The semester (so called because it takes place over eight or nine months) aims to ensure consistency in economic and fiscal policy. The process was introduced in 2010, at the height of the euro zone crisis, and its first ‘cycle’ took place in 2011. When a member state has come out of a bail-out programme, the Commission sees the semester process as ‘programme light’ as it allows officials to continue to influence domestic policy.
The process is overseen by Commission President José Manuel Barroso with input from three other commissioners:
• Olli Rehn (economic and monetary affairs);
• László Andor (employment, social affairs and inclusion); and
• Algirdas Šemeta (taxation, customs, statistics, audit and anti-fraud).
The process (see table) begins in November each year when the Commission produces its annual growth survey. The Commission may also carry out a more thorough review if a country appears to be heading towards a deficit.

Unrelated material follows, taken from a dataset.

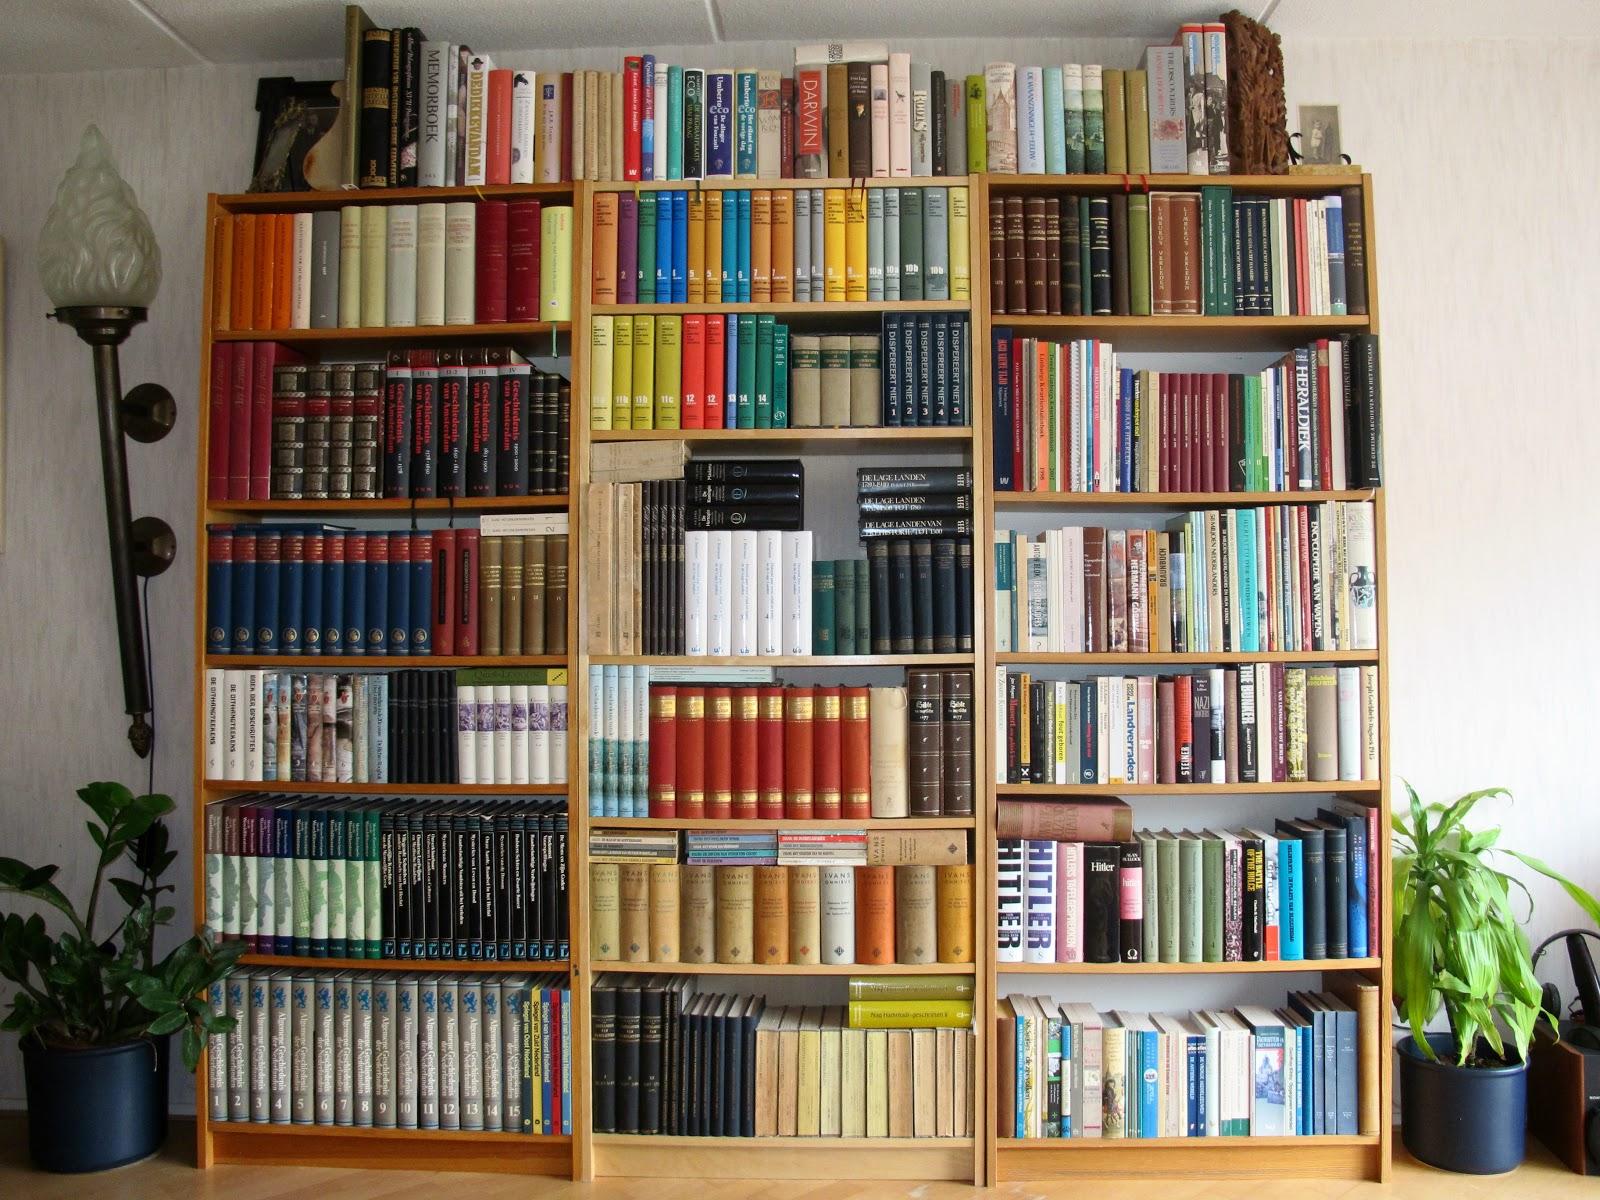 P e r k a m e n t u s: Over mijn bibliotheek

The most recent annual growth survey confirmed that a “modest and fragile” recovery was taking place. It noted that governments in the euro zone member states now have to submit their budgets to the Commission before presenting them to national parliaments and will soon be part of a banking union.
The survey set out five broad priorities for Europe:
• fiscal consolidation;
• restoring lending to the economy;
• promoting growth and competitiveness;
• tackling unemployment and the social consequences of the crisis; and
• modernising public administration.
These recommendations were then discussed by the Council of Ministers earlier this year.
A series of ministerial discussions, involving all member states, took place in Brussels. The European Parliament also discussed the survey and takes a particular interest in employment matters.
Each March, heads of government meet in the European Council. They discuss the proposals made so far in the process and set the strategic priorities for the EU over the next year. The March 2014 European Council’s priorities included:
• the building up of a strong and competitive industrial base;
• completing the internal market in goods and services;
• fostering entrepreneurship; and
• involving businesspeople in education to improve skills.
The process then moved on and focused on each of the 28 member states.
All national governments are required to submit their economic policy plans for the next year to the European Commission by 30 April at the latest. Each government submits two documents: a stability and convergence programme (on budgetary policy); and a national reform programme (on general economic policy).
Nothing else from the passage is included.